• **What this task involves**
All lines from the one containing "والپیپر شگفت آور" through the last line below must be duplicated exactly, with nothing outside that span.

• **Records provided**
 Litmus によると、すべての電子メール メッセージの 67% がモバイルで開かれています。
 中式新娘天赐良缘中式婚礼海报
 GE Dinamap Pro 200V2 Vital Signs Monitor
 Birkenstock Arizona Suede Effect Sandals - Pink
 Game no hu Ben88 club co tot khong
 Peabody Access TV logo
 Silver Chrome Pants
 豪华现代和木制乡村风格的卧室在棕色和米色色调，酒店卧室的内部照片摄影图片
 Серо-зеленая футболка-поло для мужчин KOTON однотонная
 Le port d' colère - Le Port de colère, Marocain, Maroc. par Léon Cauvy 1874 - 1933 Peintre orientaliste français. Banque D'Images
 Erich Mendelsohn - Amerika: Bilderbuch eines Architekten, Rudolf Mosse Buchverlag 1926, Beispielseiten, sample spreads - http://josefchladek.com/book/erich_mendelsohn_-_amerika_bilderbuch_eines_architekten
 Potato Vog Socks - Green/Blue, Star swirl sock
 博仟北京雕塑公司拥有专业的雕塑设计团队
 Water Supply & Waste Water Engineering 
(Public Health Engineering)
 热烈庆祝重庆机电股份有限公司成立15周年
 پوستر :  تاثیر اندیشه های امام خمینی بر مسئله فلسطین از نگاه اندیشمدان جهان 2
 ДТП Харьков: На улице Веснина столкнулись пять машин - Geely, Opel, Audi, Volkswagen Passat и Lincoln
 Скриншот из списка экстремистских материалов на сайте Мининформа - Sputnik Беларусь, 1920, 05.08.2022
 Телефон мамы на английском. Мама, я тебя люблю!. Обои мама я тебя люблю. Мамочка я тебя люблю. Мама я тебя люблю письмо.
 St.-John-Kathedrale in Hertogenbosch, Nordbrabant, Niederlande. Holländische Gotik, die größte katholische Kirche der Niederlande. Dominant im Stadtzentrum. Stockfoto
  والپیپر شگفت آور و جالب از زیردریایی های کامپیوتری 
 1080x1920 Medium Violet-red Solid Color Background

• **Task output**
  والپیپر شگفت آور و جالب از زیردریایی های کامپیوتری 
 1080x1920 Medium Violet-red Solid Color Background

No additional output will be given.